--- Supplied information Enclosed Below ---
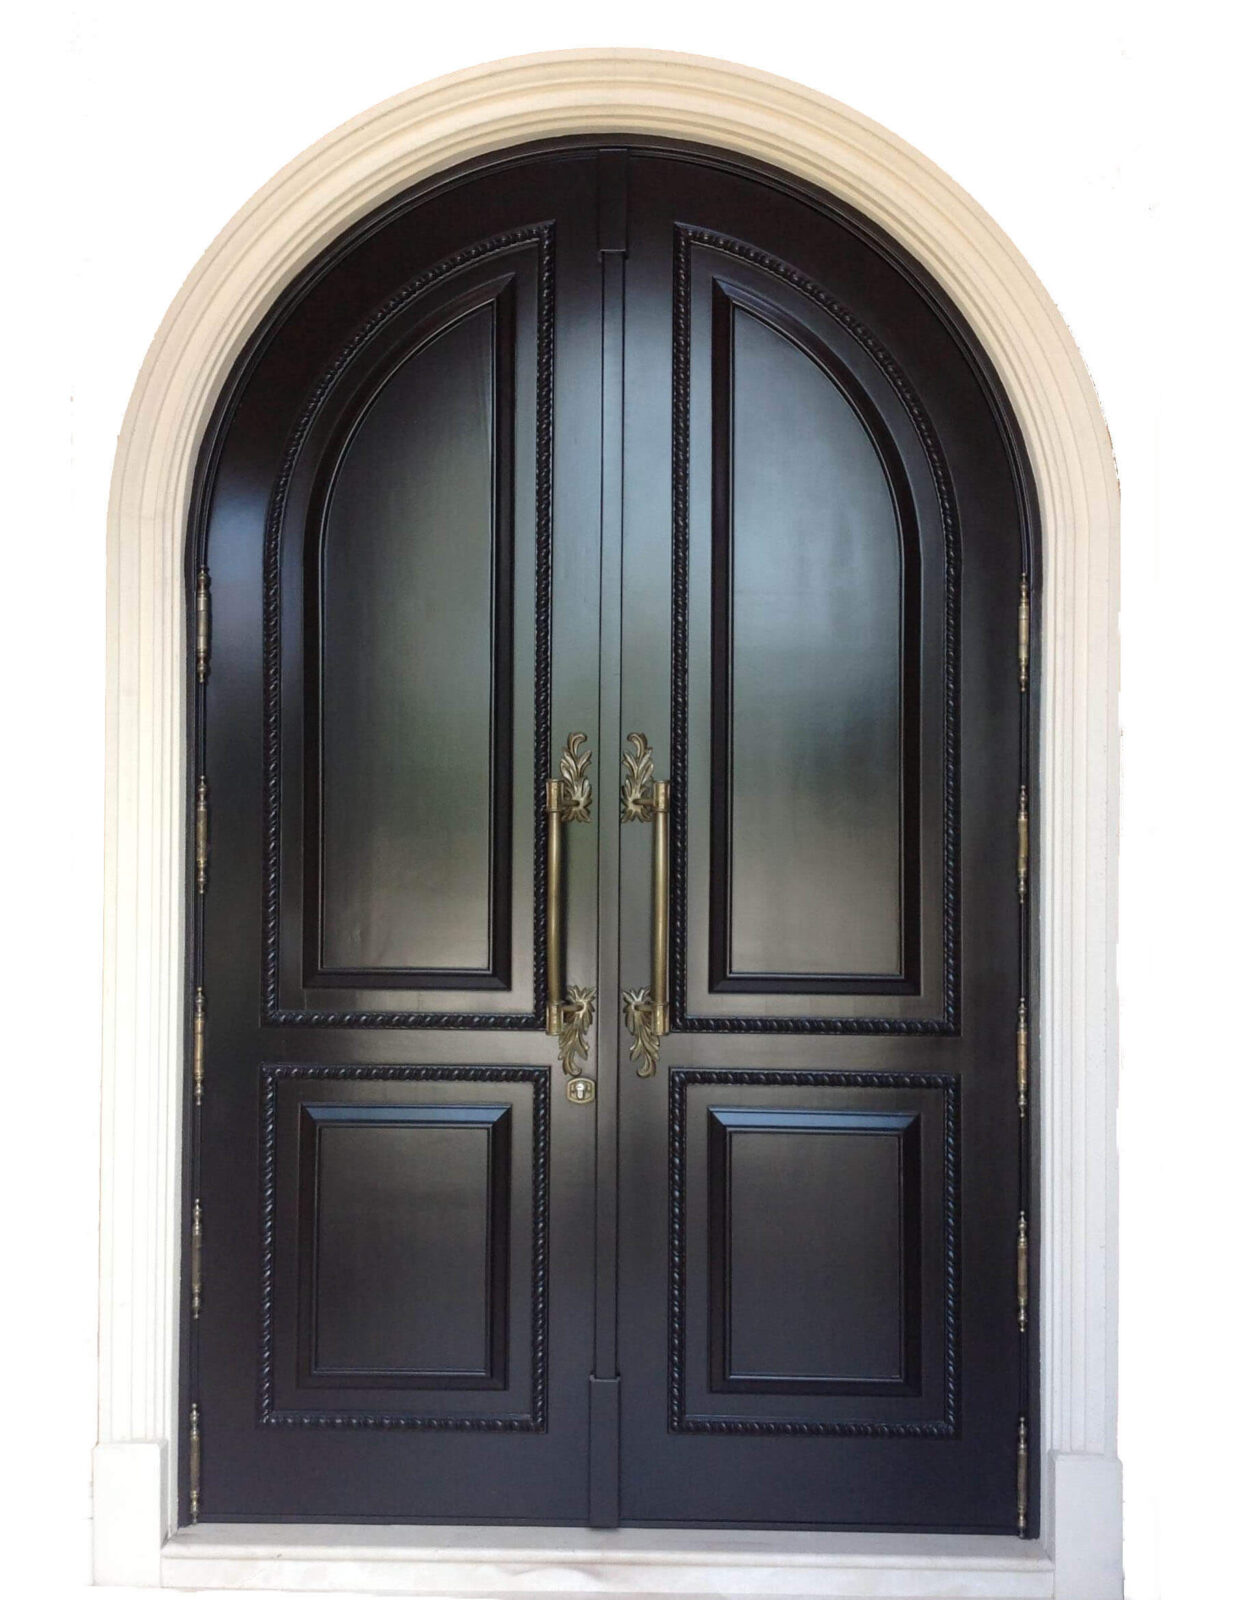 ALLISON ISLAND MAHOGANY ENTRY DOOR
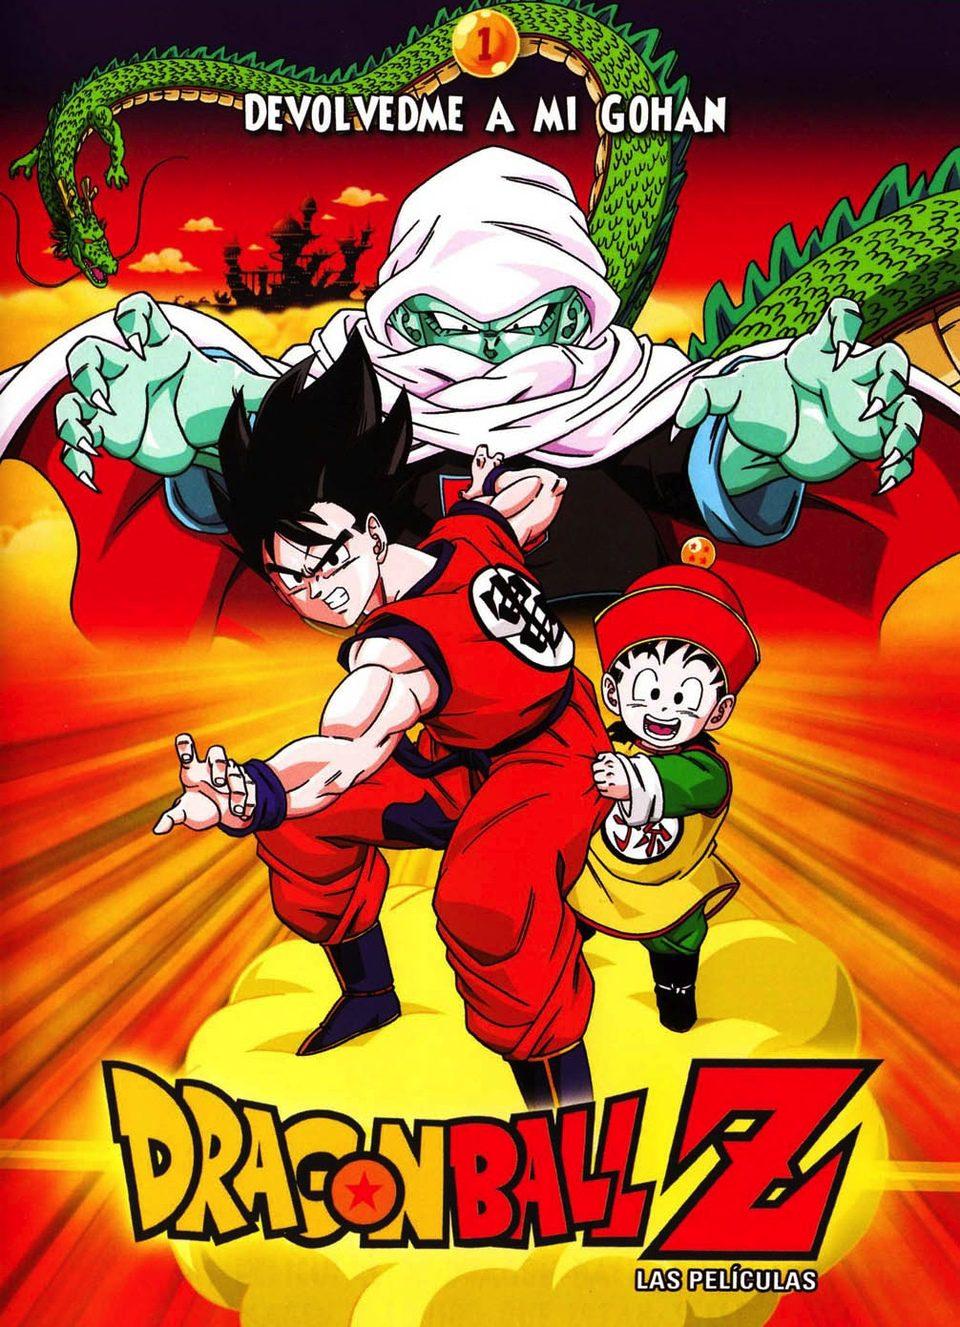 Cartel España de 'Dragon Ball Z: Devolvedme a mi Gohan'
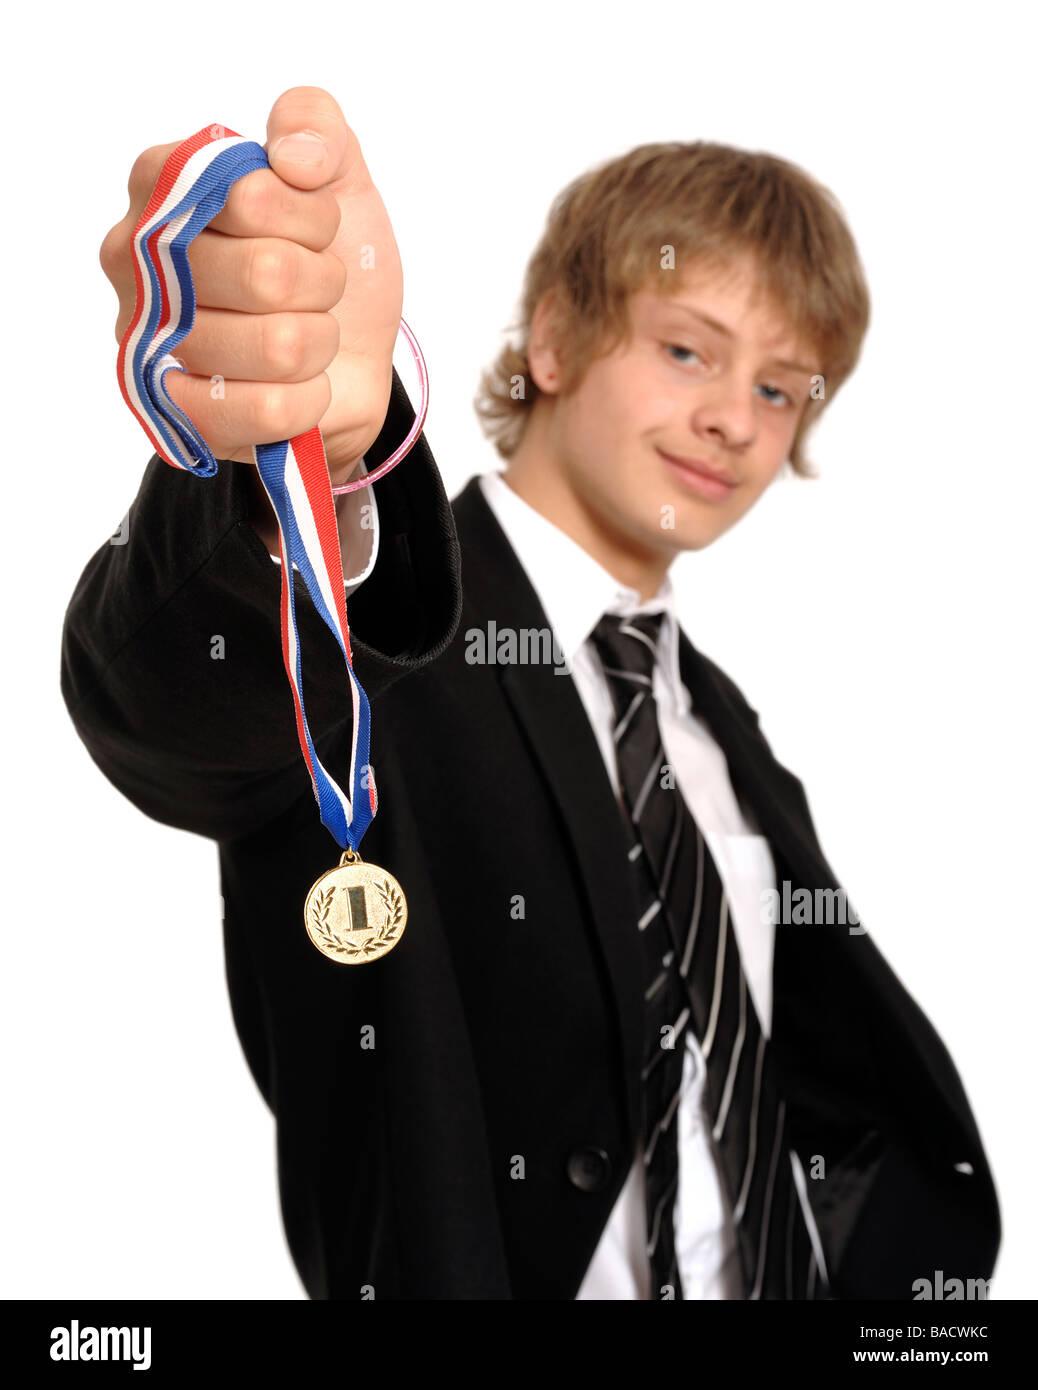 Écolier avec une première médaille d'or Photo Stock
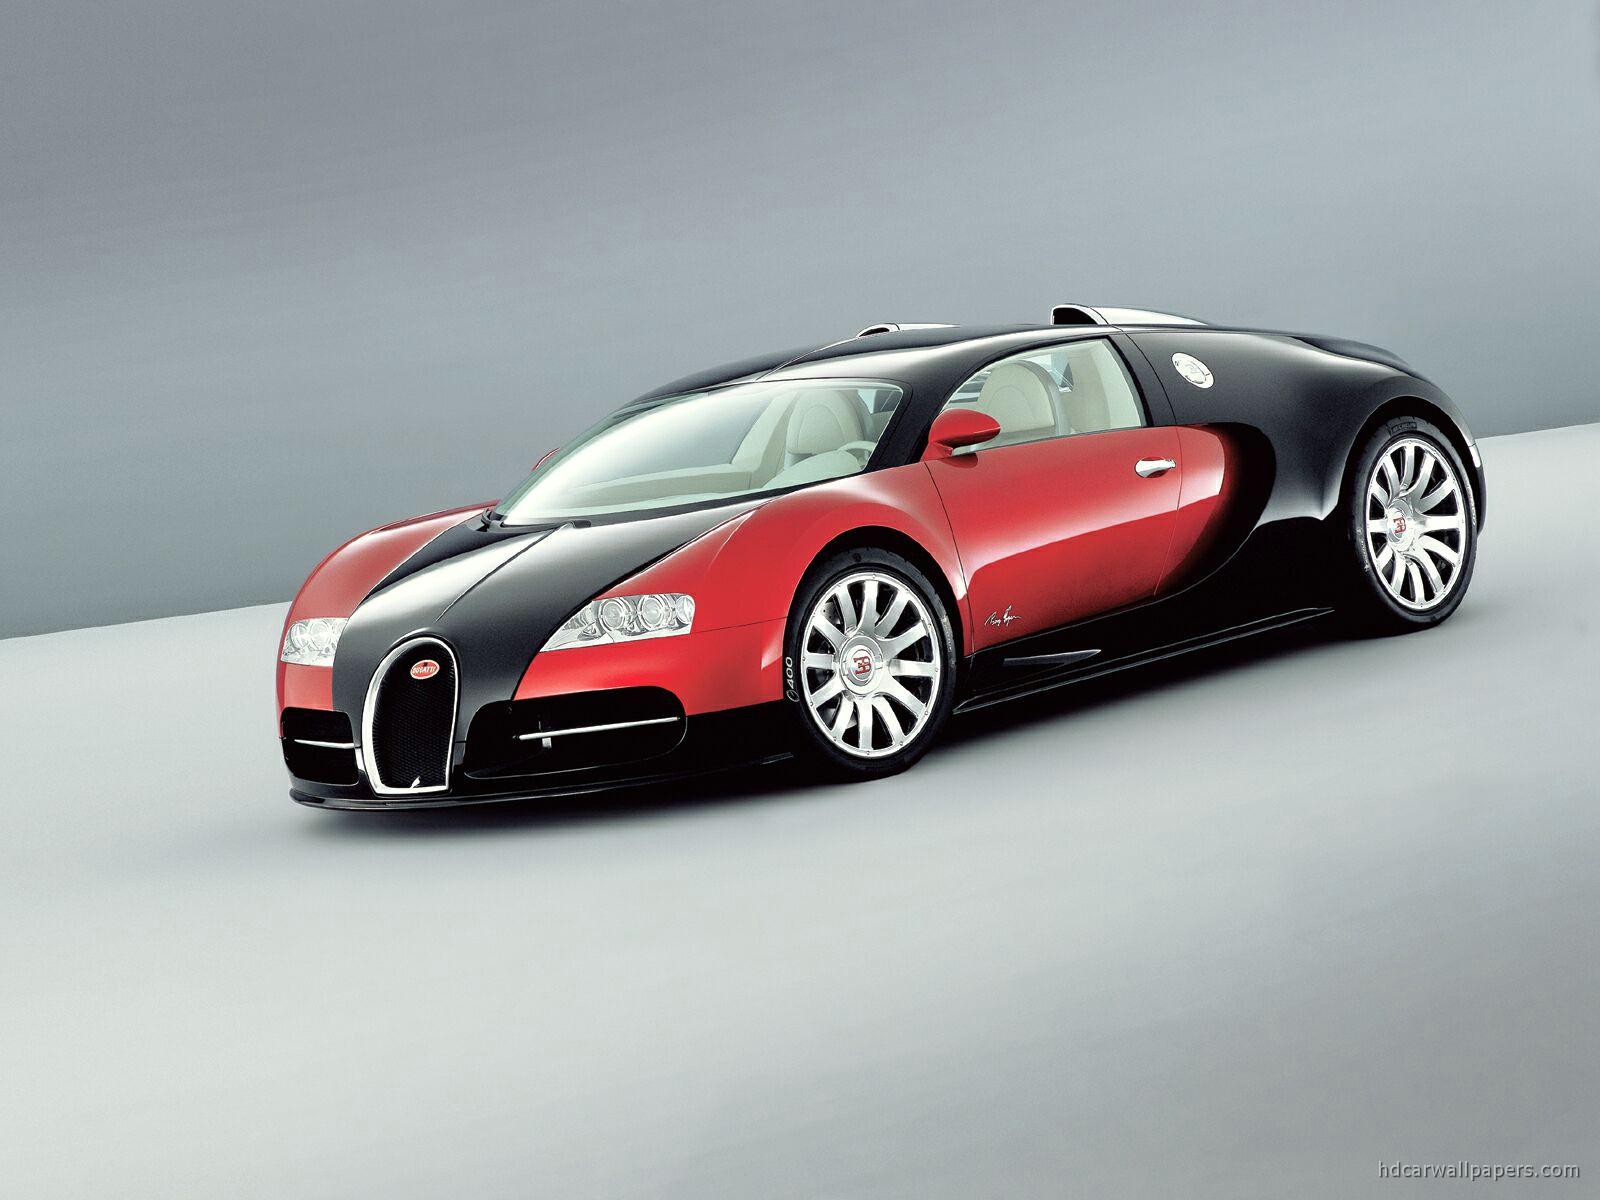 bugatti veyron - Bugatti Veyron Wallpaper
--- End of Enclosed Supplied information ---
* What is needed: Keeping pictures out, repeat exactly the lines from the one containing "Cartel España de" through the end of the listing.

* Result of this exercise:
 Cartel España de 'Dragon Ball Z: Devolvedme a mi Gohan'
 Écolier avec une première médaille d'or Photo Stock
 bugatti veyron - Bugatti Veyron Wallpaper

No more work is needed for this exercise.